Exploring the Effect of Maximum Cure Temperature on the Thermal and Thermomechanical Properties of Polybenzoxazine Networks

Summary The thermal and thermomechanical properties of two commercially available polybenzoxazine materials were investigated as a function of maximum temperature employed in the cure profile. Cationic ring-opening polymerization of Araldite 35600 and Araldite 35900 was carried out at 180 °C, 200 °C, 220 °C, and 240 °C. FTIR and differential scanning analysis results show maximum conversion in each monomer system is achieved at 180 °C or 200 °C, and that higher cure temperatures were unnecessary.

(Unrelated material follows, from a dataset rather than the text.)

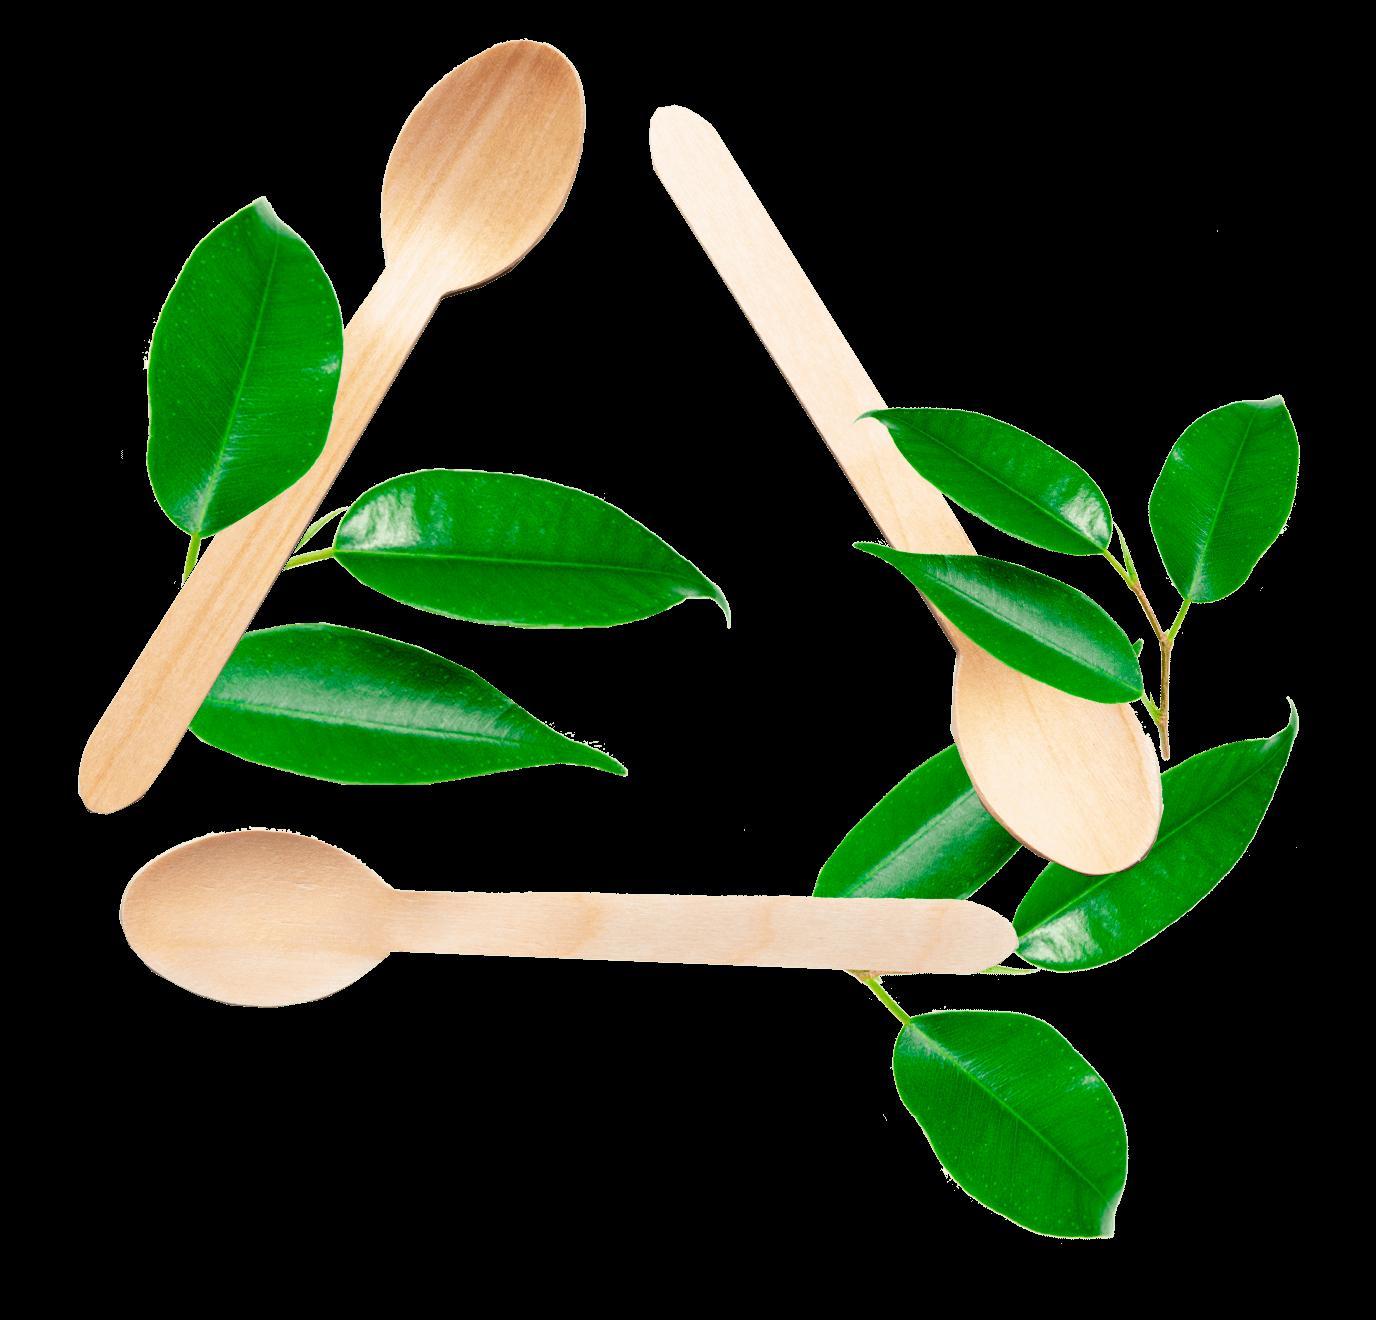 MADERA - Envases biodegradables ECOLINE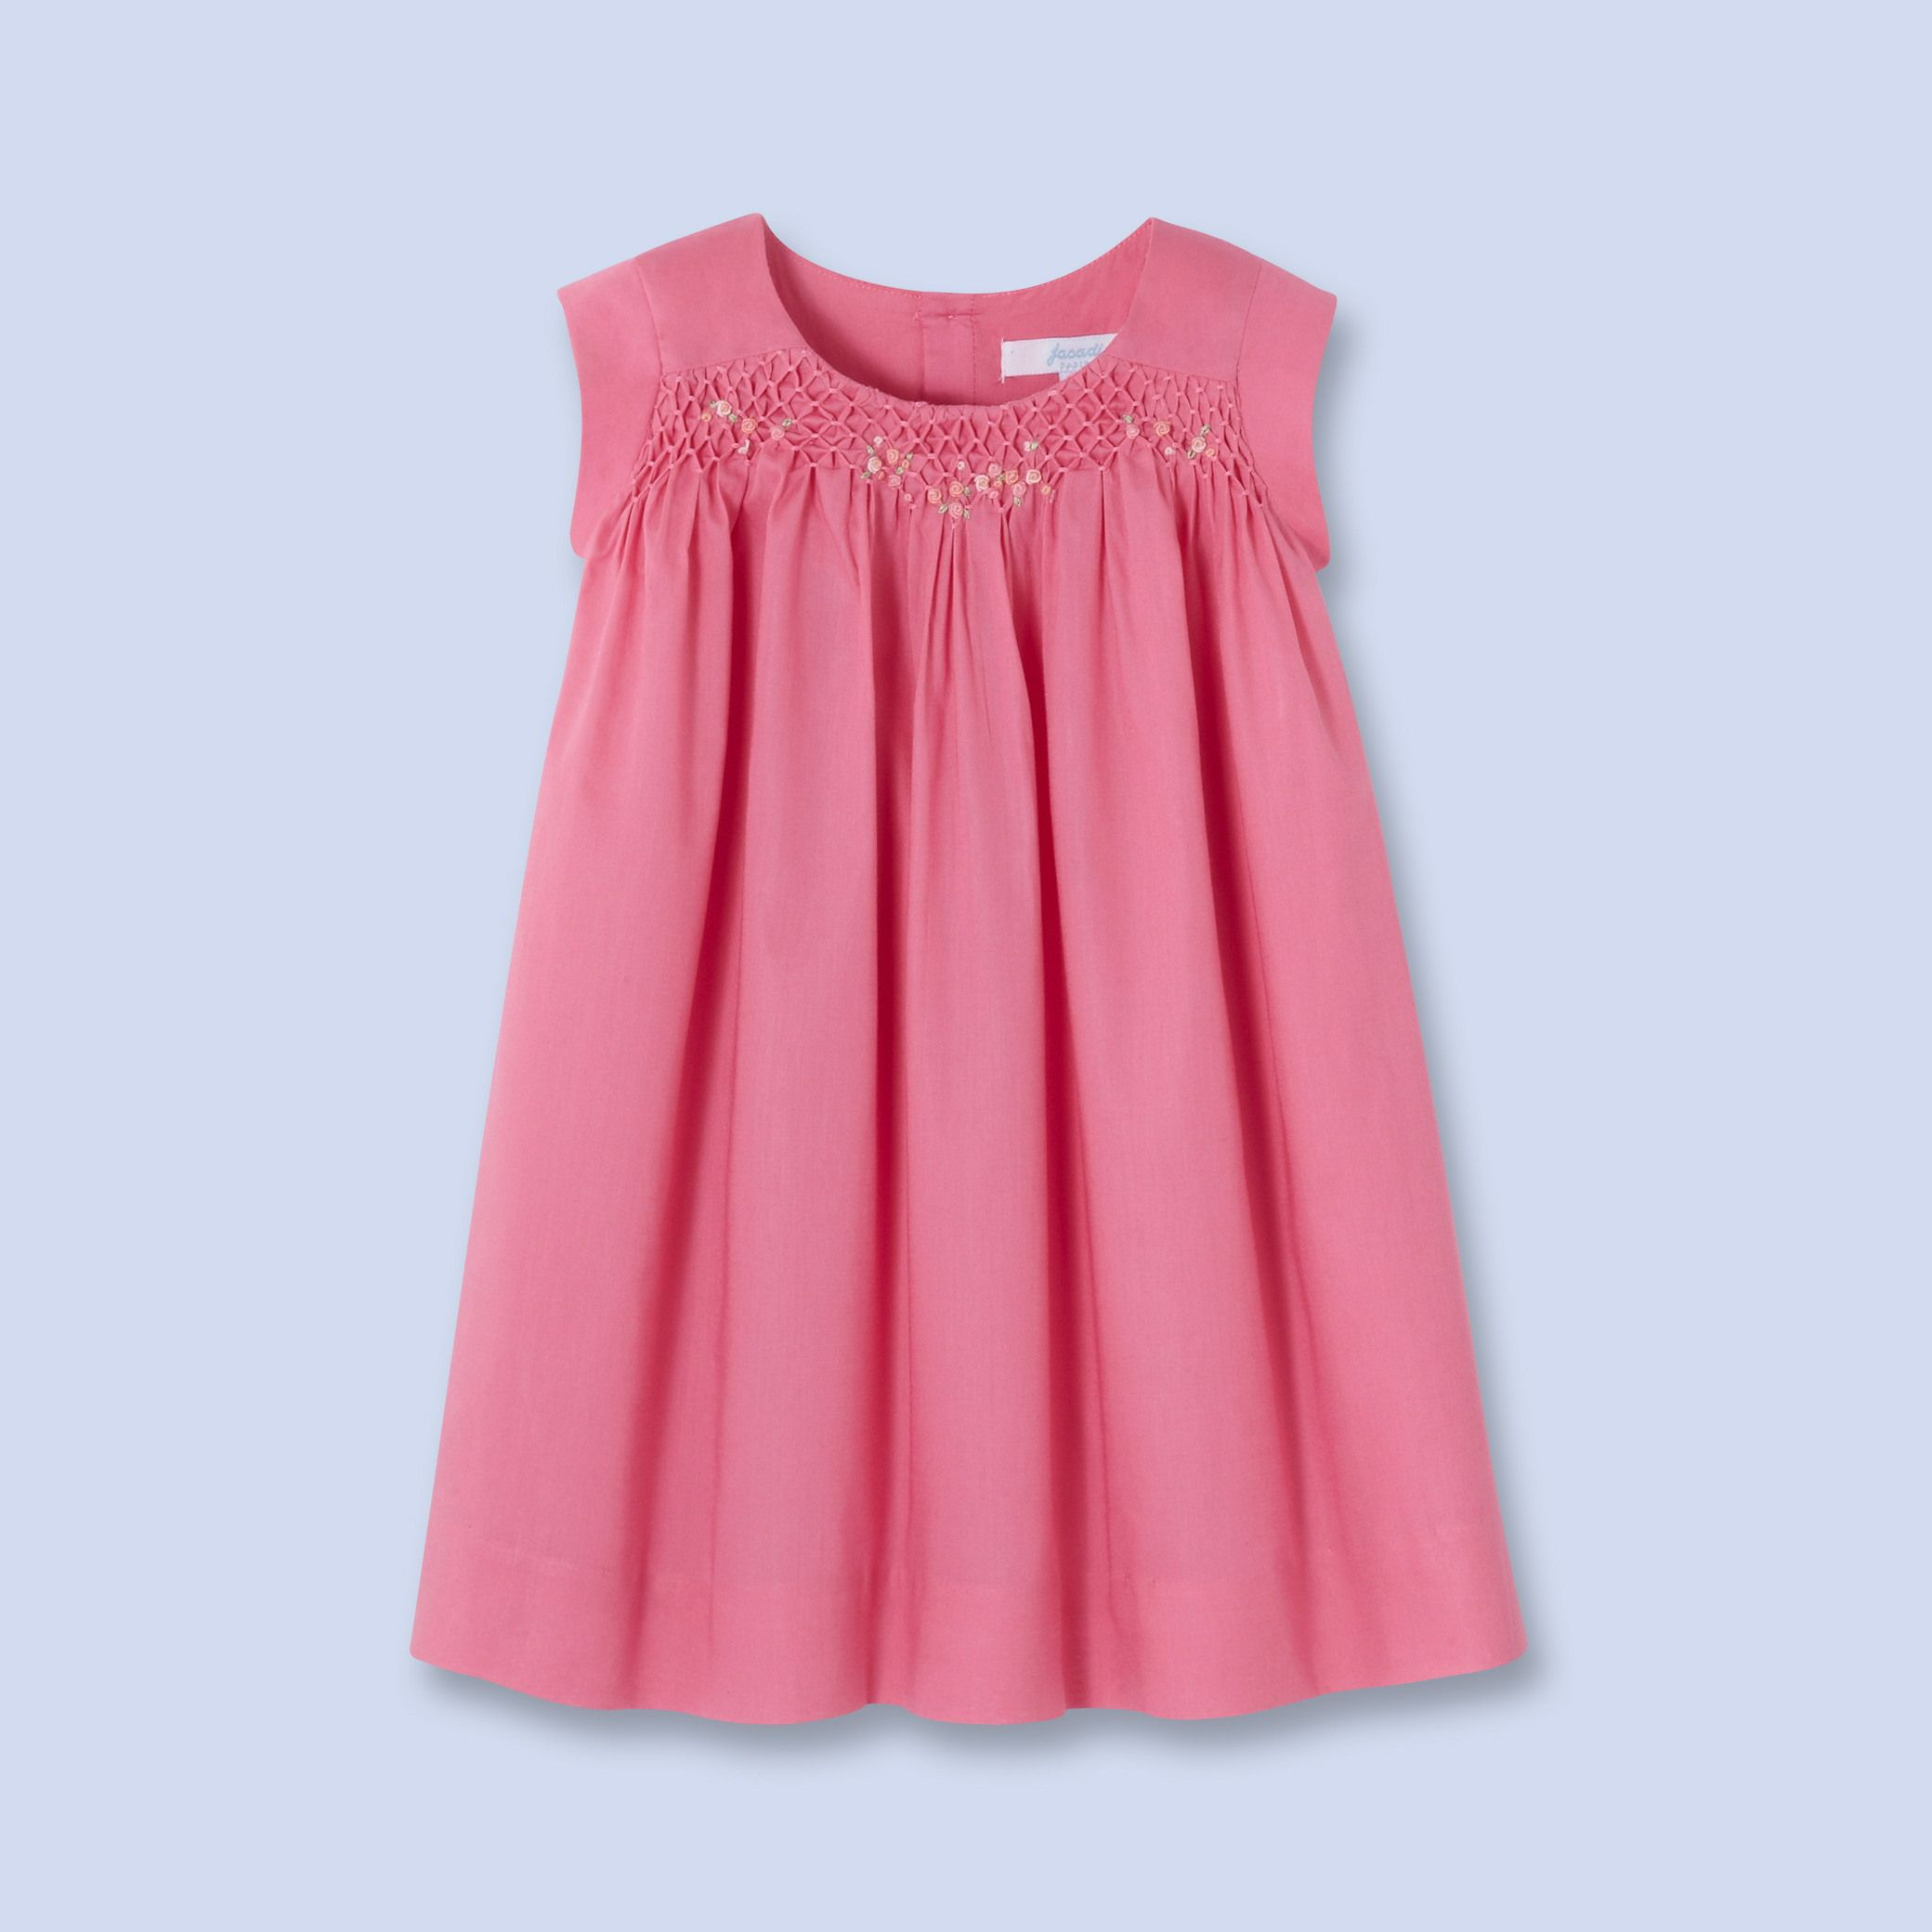 cfbf7b85af4b Hand embroidered and honeycomb smocked dress | Girls dresses | Pink ...

Thermal stability of the polybenzoxazine materials prepared under both low and high temperature cure profiles, as indicated by thermogravimetric analysis results, was minimally affected with increasing cure temperatures. Dynamic mechanical analysis results indicate that despite an increase in the rubbery storage modulus as a function of maximum cure temperature, higher cure temperatures employed in ambient atmosphere ovens result in detrimental effects on the glass transition temperature of the network. In the case of Araldite 35600, a 12 °C decrease in Tg was observed when the cure temperature was increased from 180 °C to 240 °C. The combined FTIR, DSC, and DMA data for Araldite 35600 and Araldite 35900 show that optimized conversion and thermomechanical properties can be achieved at lower cure temperatures. Thus, a judicious choice of cure profile must be considered to avoid degradative processes and to achieve the maximum properties of polybenzoxazine systems.